(PROVIDED DATA Opens)

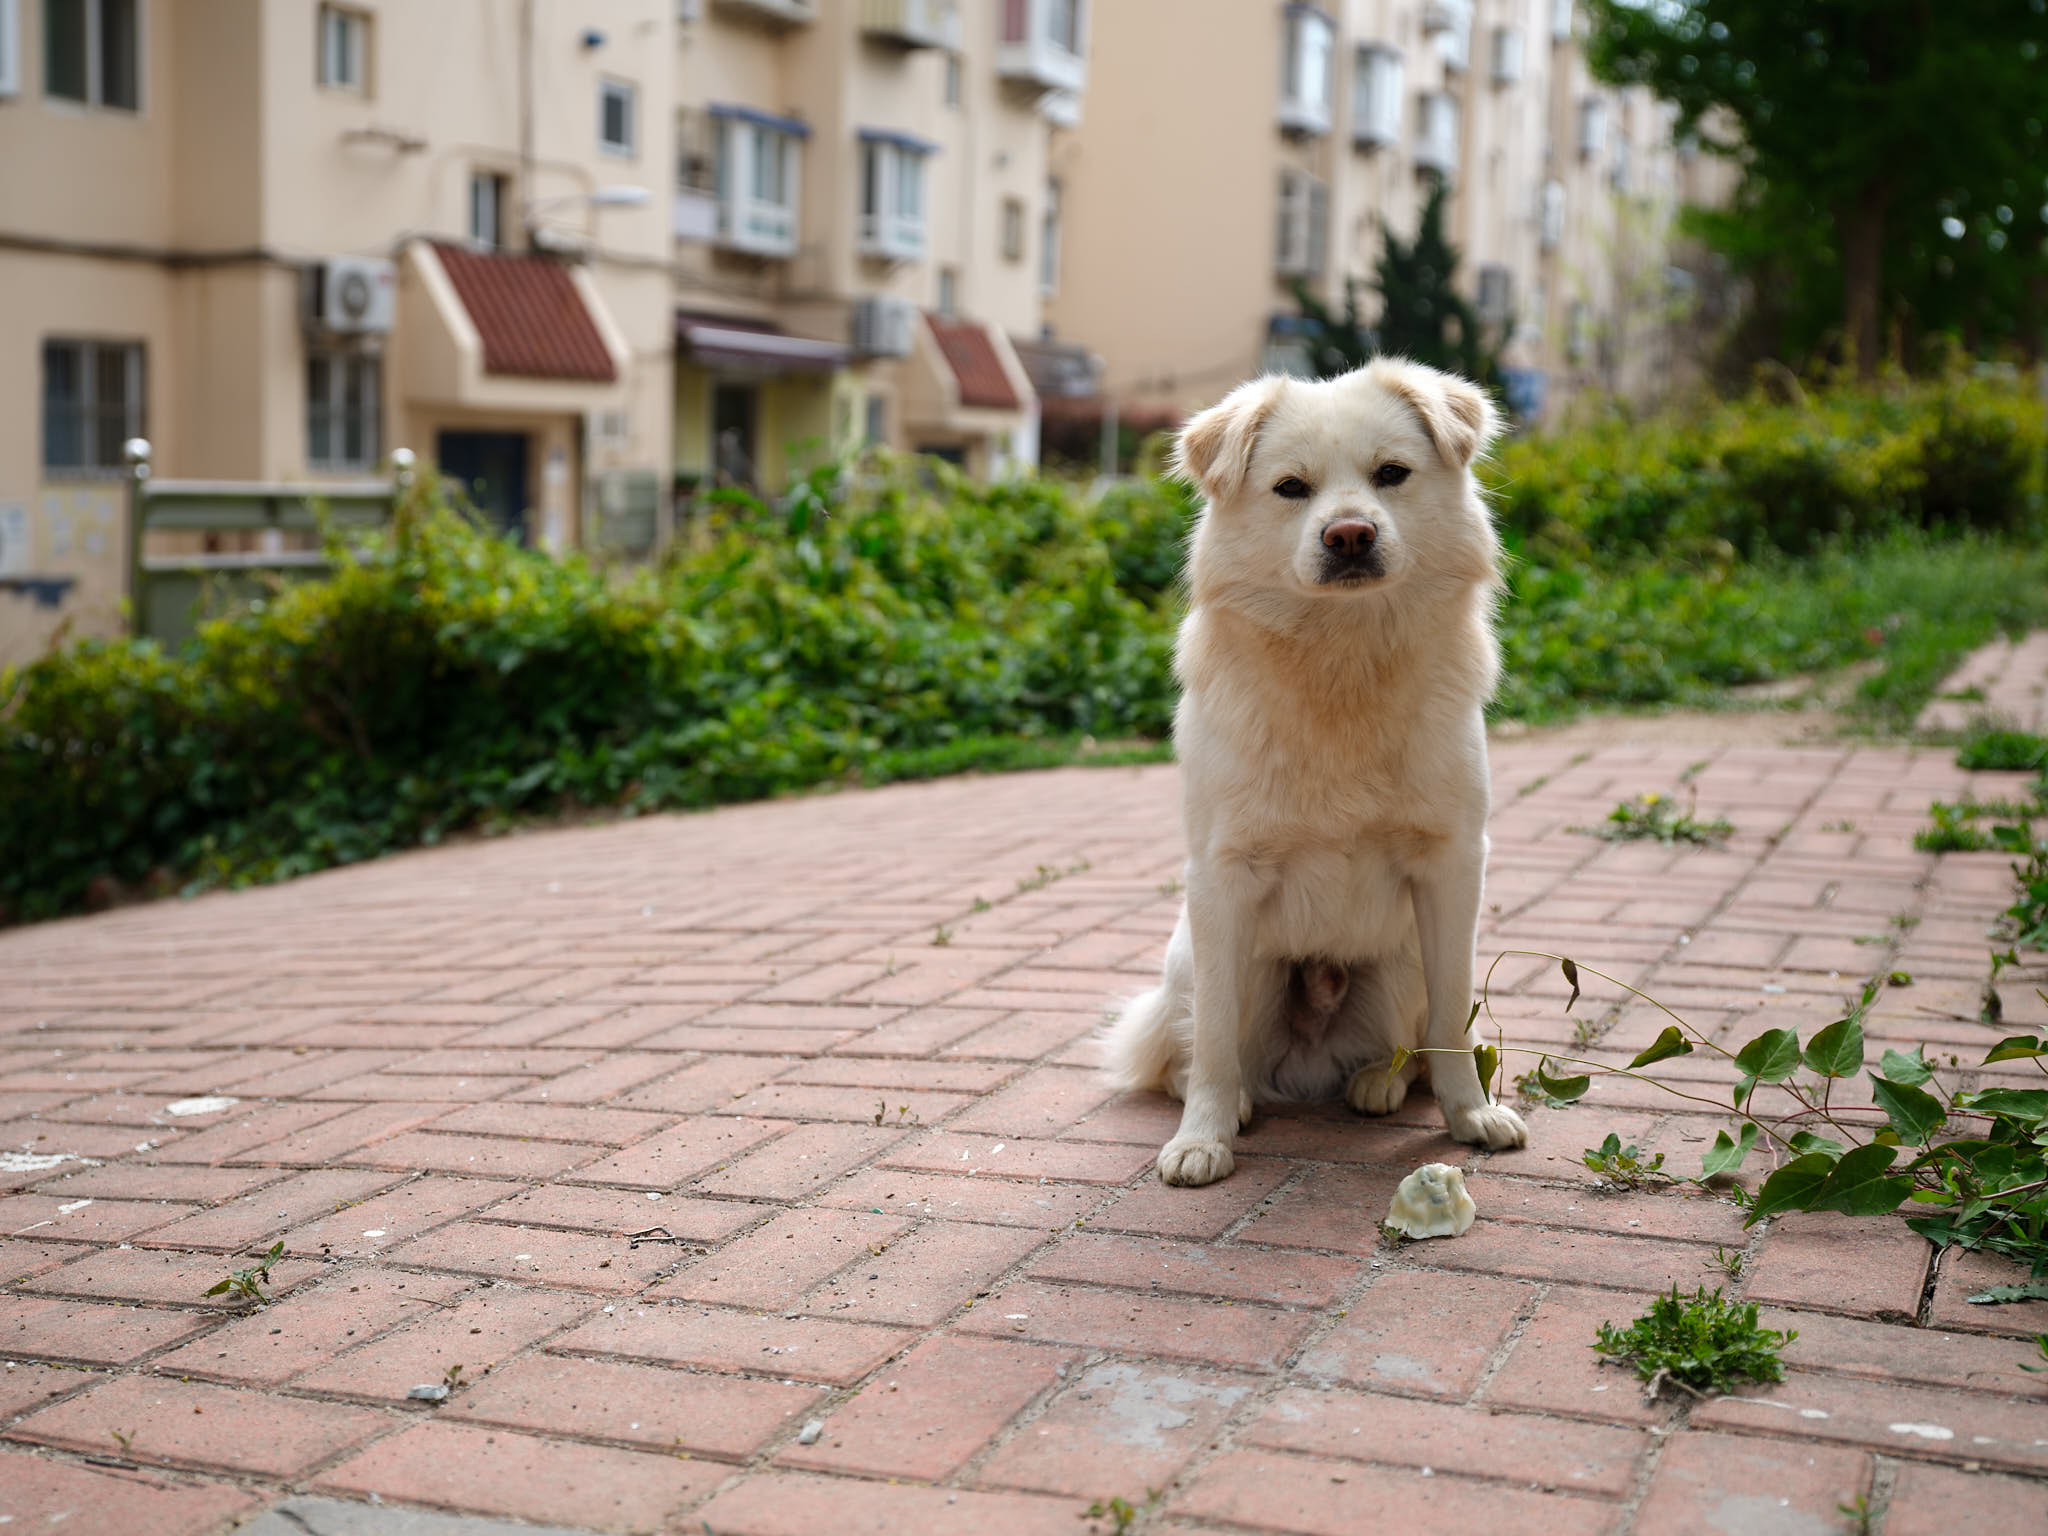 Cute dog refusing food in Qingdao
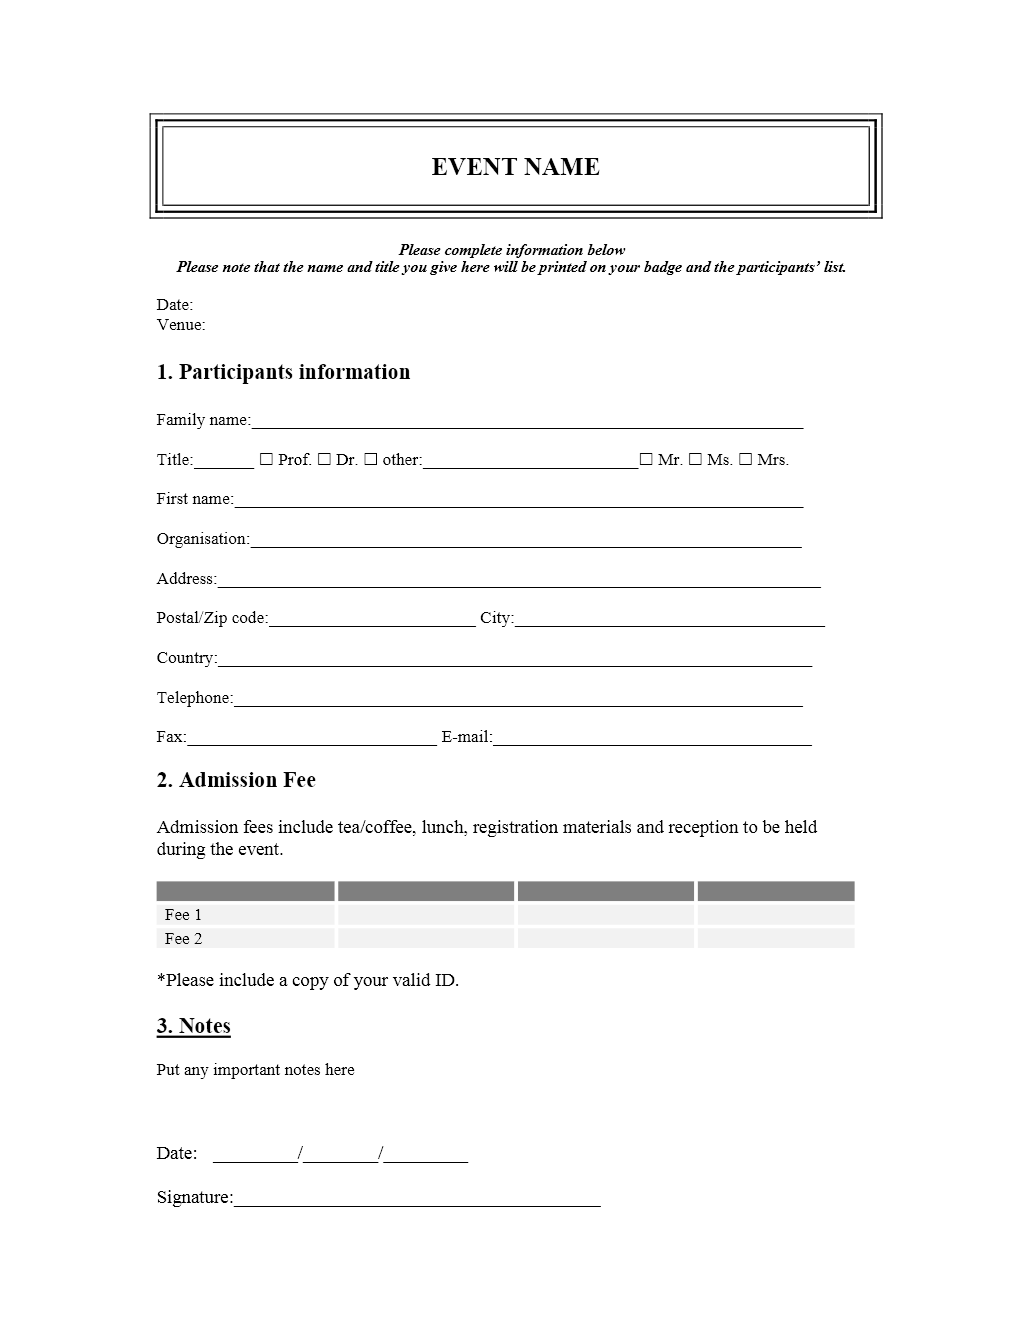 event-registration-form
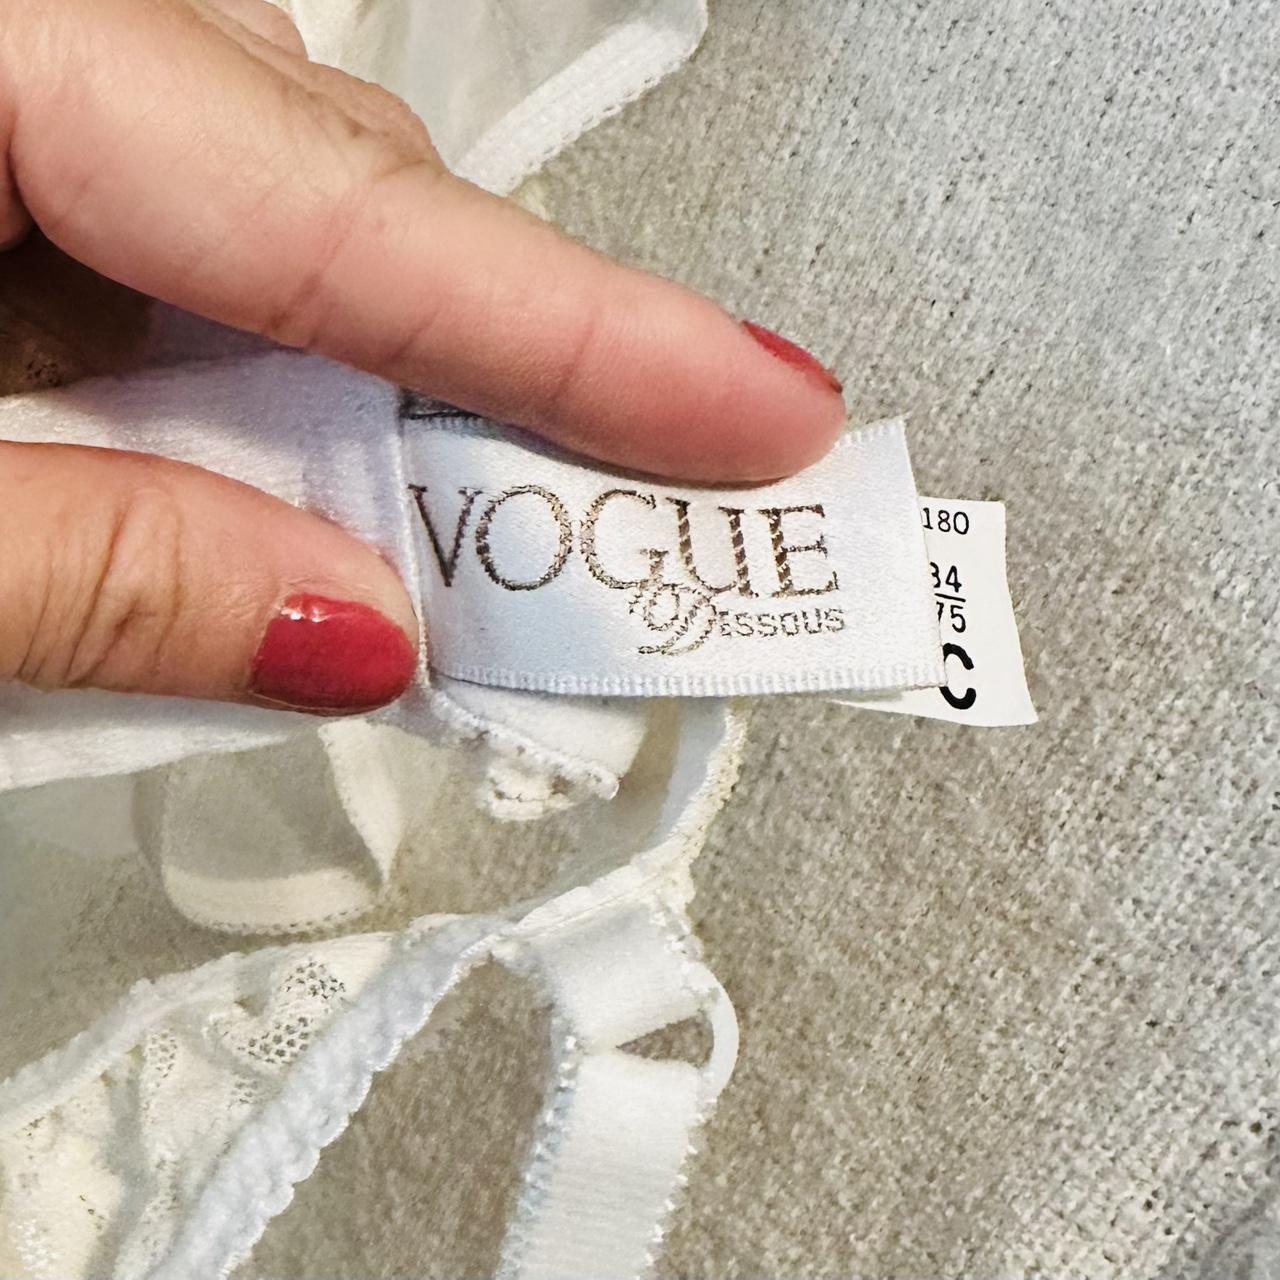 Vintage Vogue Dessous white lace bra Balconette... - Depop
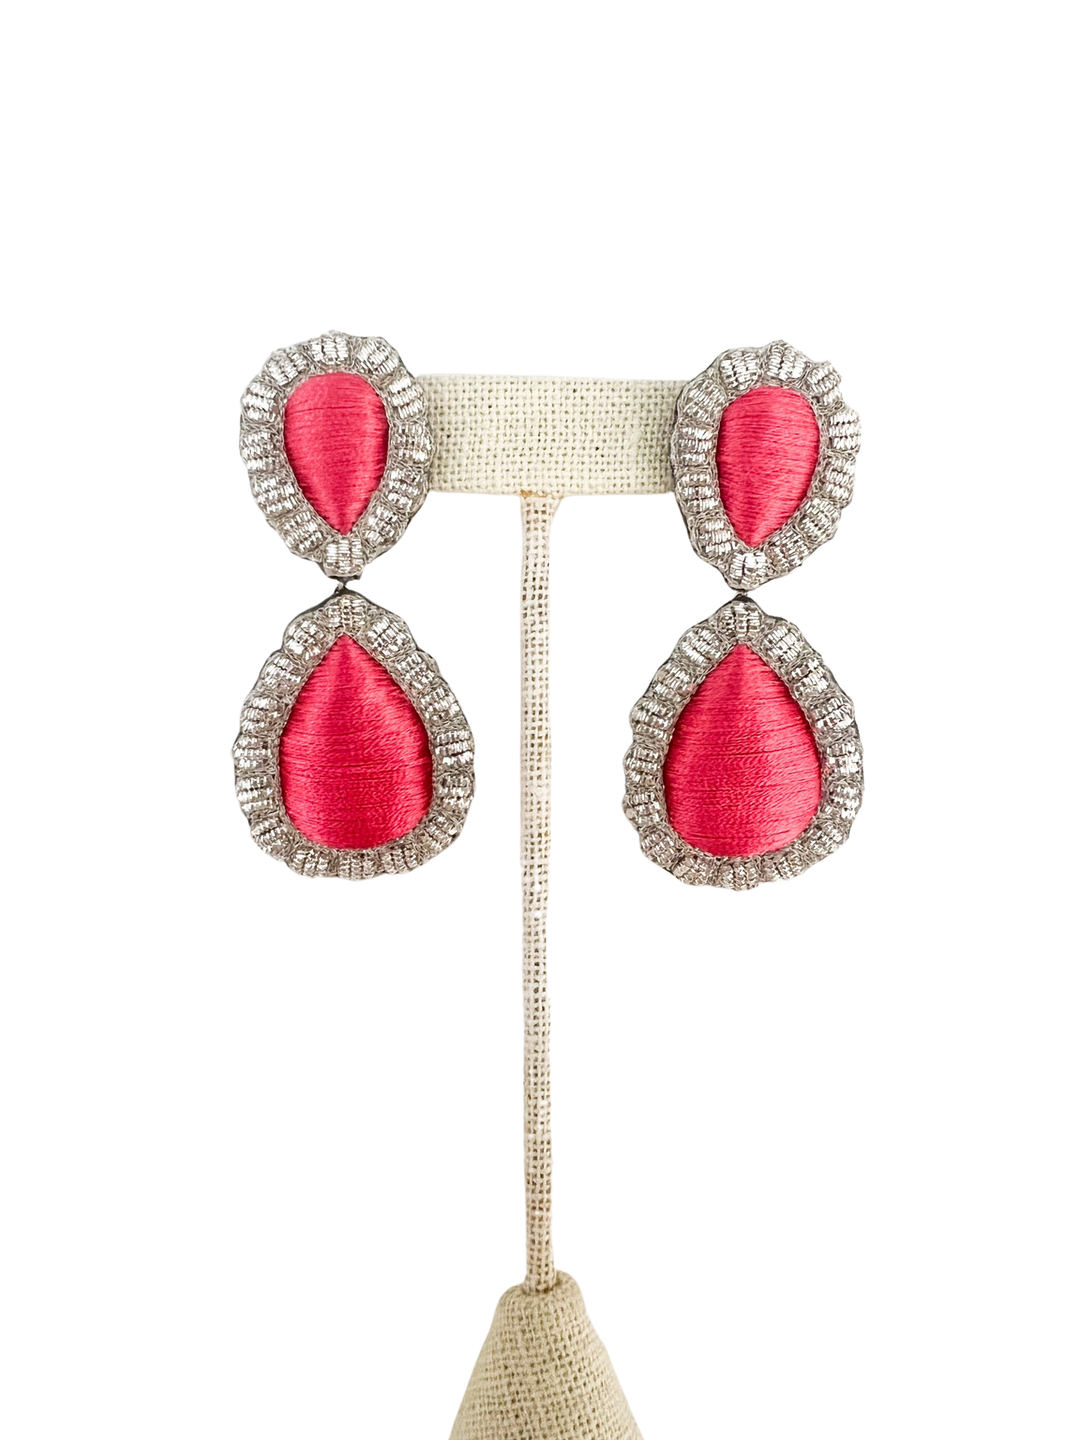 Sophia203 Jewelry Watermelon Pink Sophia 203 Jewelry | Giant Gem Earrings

(PROVIDED DATA Closes)

Output the data above without changes, apart from leaving out the pictures.

 Cute dog refusing food in Qingdao
 event-registration-form
 Vintage Vogue Dessous white lace bra Balconette... - Depop
 Sophia203 Jewelry Watermelon Pink Sophia 203 Jewelry | Giant Gem Earrings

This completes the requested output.